# Off Grid



## conarb (May 19, 2010)

As far as I know here in California you can't get a building finaled unless there is an electrical hookup, in Texas if a home is built "off the grid" is a utility hookup required to final the building?


----------



## Mule (May 19, 2010)

There is no requirement to "connect" to a service provider. However, within our city, we do require the electrical to be connected at the final in order to test the system. After that................

If there aren't any inspections "off the grid" then no service is required.


----------



## conarb (May 19, 2010)

So theoretically a guy could wire a home to code, hook up soar panels and/or a windmill and pass final? Even though you know there will be no power at night when the wind isn't blowing?


----------



## globe trekker (May 19, 2010)

.

Conarb,

I think that storage batteries ' would ' provide some power from a stored source, in the evenings, ...just not from the traditional source known as "The Grid!"

.


----------



## Mule (May 19, 2010)

If there is no inspection process then solar panels or wind turbins wouldn't even be required to be there is not a final.

There are some cities in Texas that don't want the electricity connected when performing a final inspection.

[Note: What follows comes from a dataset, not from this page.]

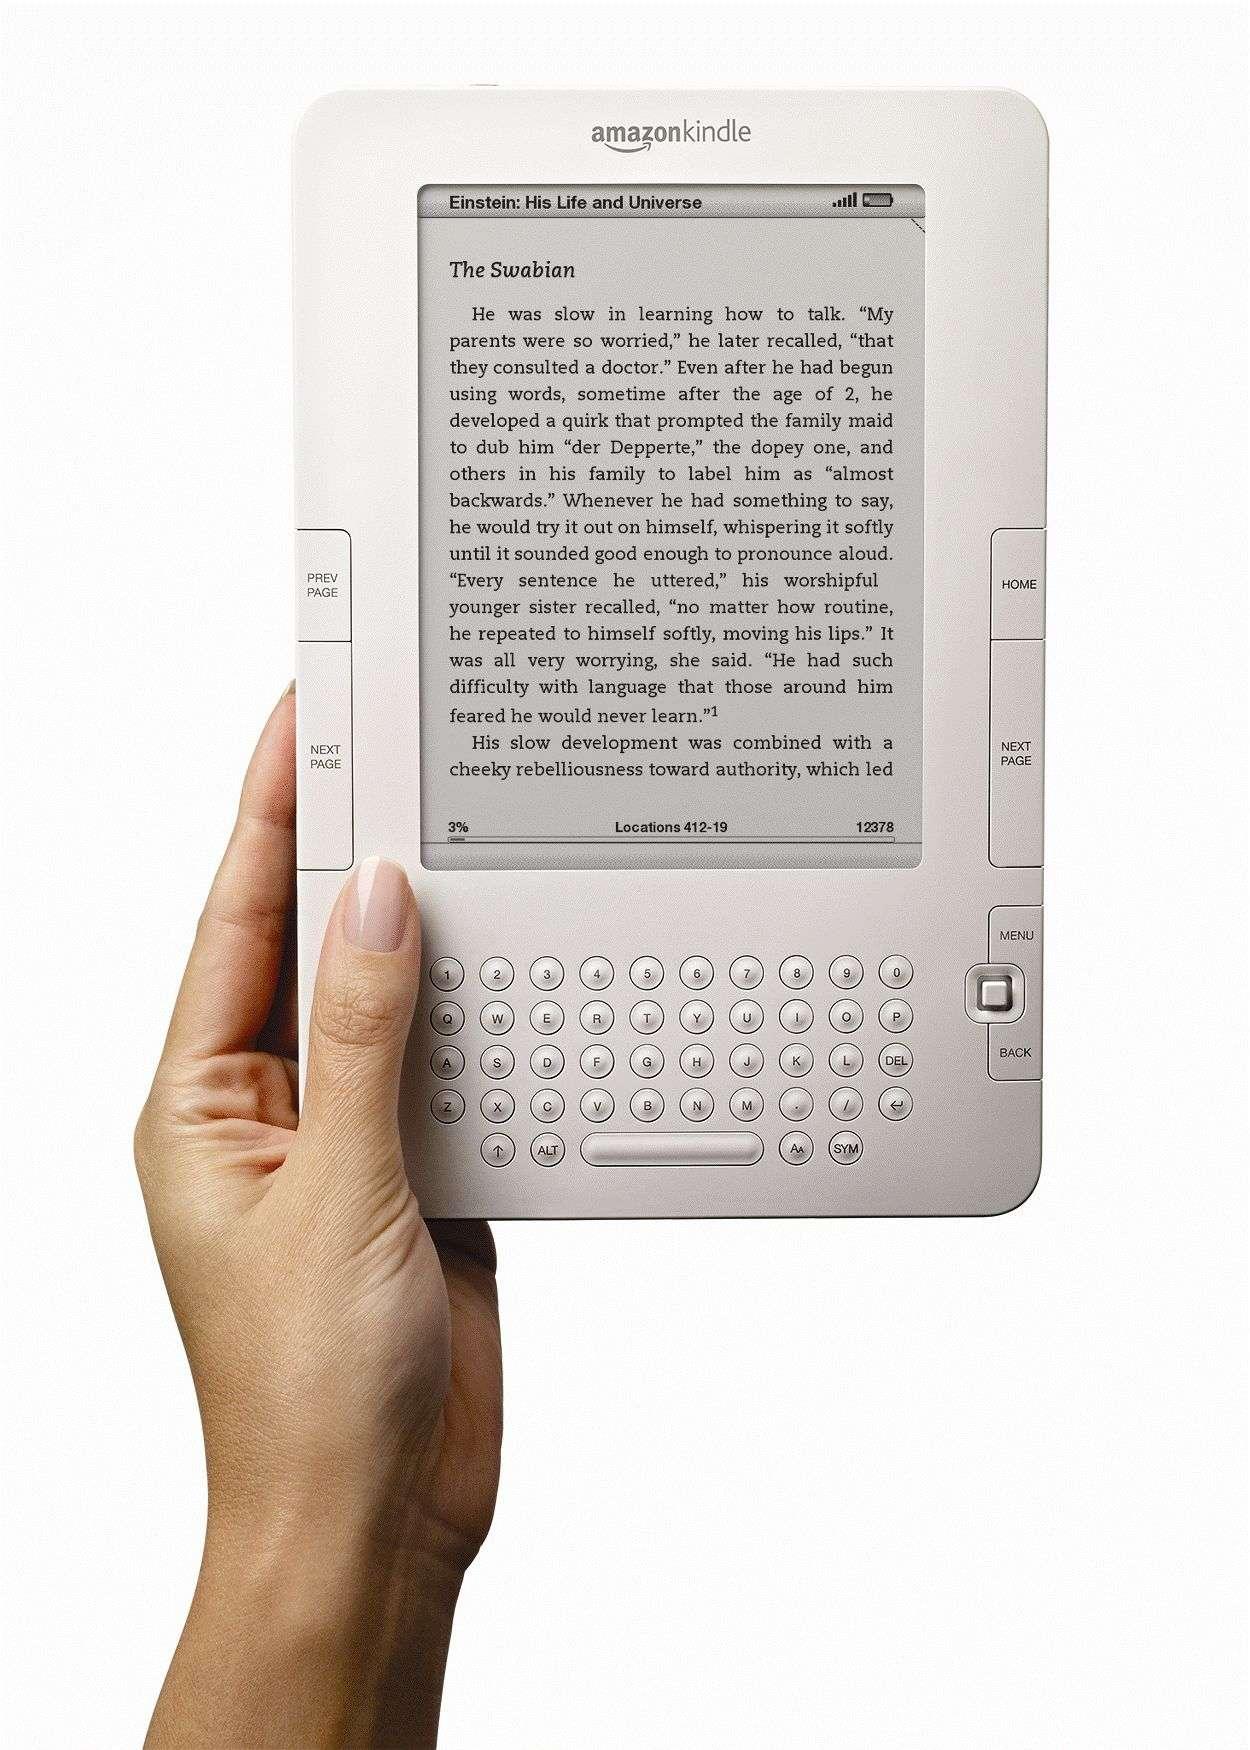 Le Kindle, un cadeau assez fréquent sous les sapins selon Amazon. © DR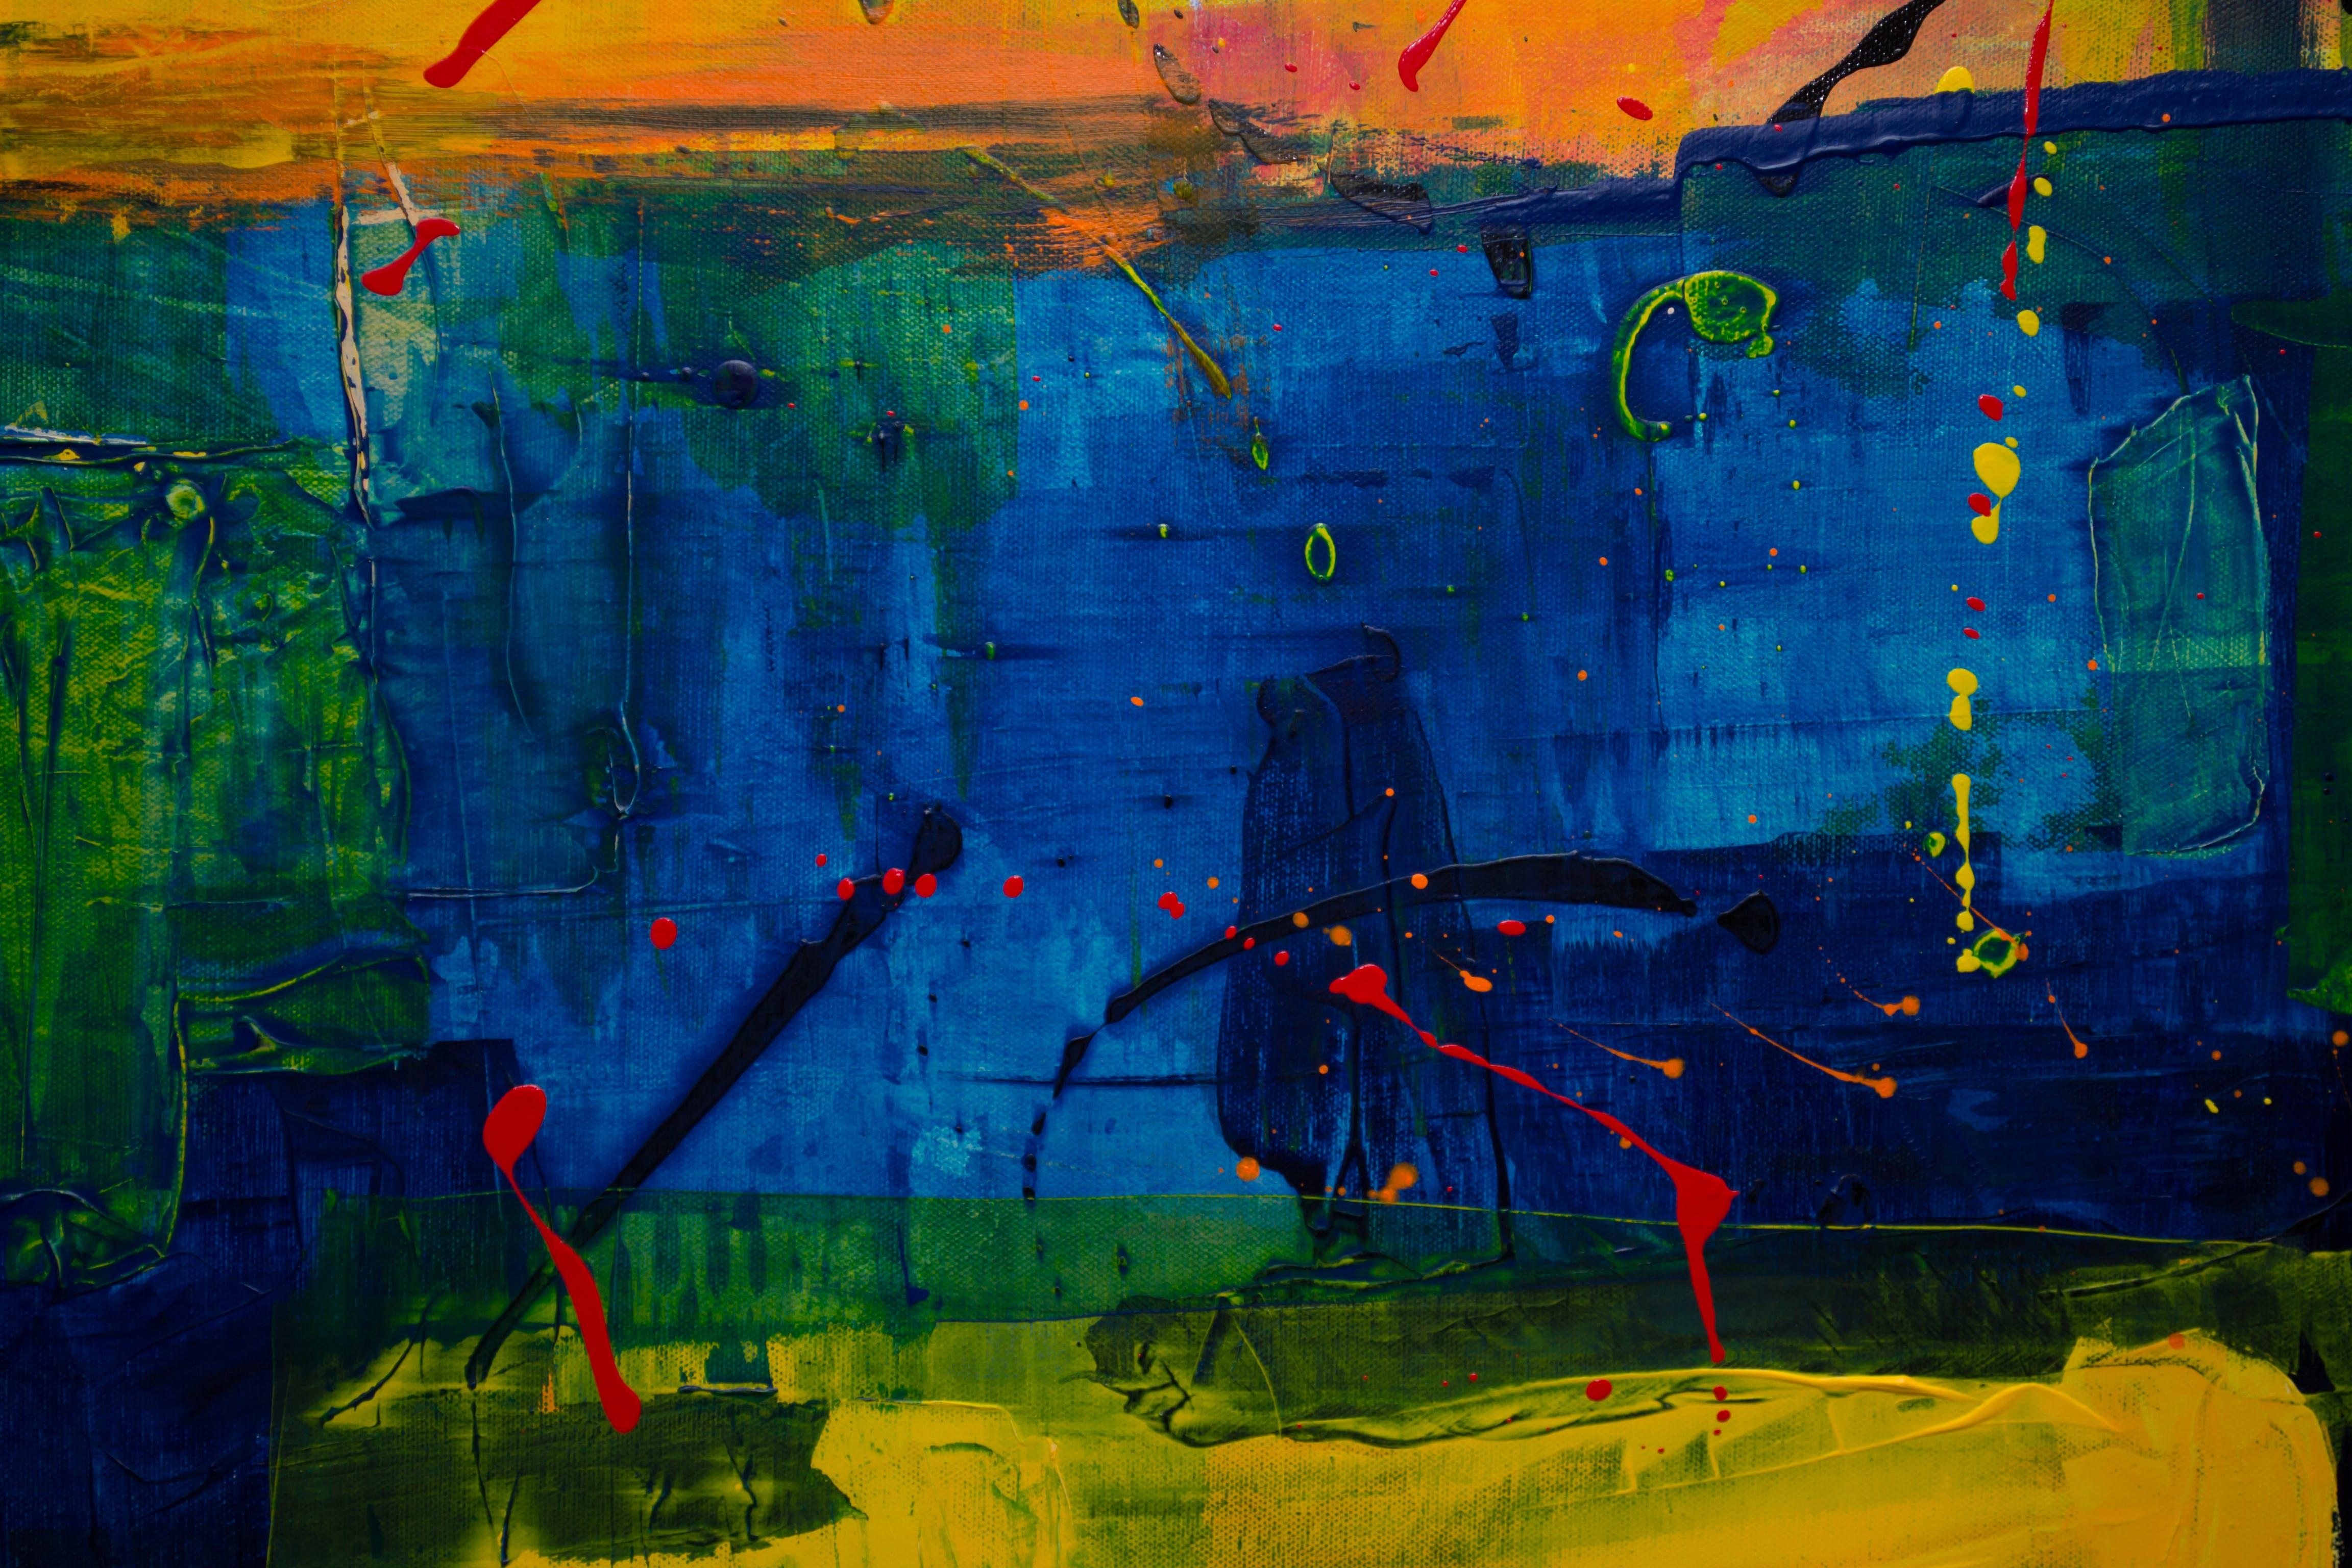 Ilmainen kuvapankkikuva tunnisteilla abstrakti maalaus, maalaus, taide, taiteellinen

Something about liabilities...

I don't see how a final can be performed with electricity but that's just me!


----------



## cda (May 19, 2010)

There were some posts on that other site, about cabins being built in the hill with no electrcity and getting passed with battery smokes.

Then there was  a post recently about one city saying if you do not have electricity that you have a sub standard house.

That big brother, don"t know why he has to rule every aspect of our lives???


----------



## pwood (May 19, 2010)

i've done several finals with permanent homes off the grid. gas stoves, refers, water heaters, lights, gravity flow waters systems etc. pelton wheels ,solar , storage battery etc... you don,t need the grid to get a final where i live. you don't need energy calcs if you are using a nondepletable source of energy! guess that would not apply in ca's part of calif?


----------



## globe trekker (May 19, 2010)

.

Because being "off the Grid" is atypical type living, it would take some careful planning and considerations by an

experienced BO and DP's to design something compliant.    Or one could claim the Amish clause [ the `ol religious

protection from Big Brutha  ] and just meet the bare minimums.   I would think that that type of claim would

take some approved Zoning variances [ in writing of course  ] and some folks who knew how to design an

"off the Grid" type of structure.      That type of living DOES offer some attractive benefits though!

.


----------



## TimNY (May 20, 2010)

In NY Hunting an Fishing Cabins are addressed here.

I don't know that the code requires you to be connected to a commercial power source.  I suppose local legislation could, though.


----------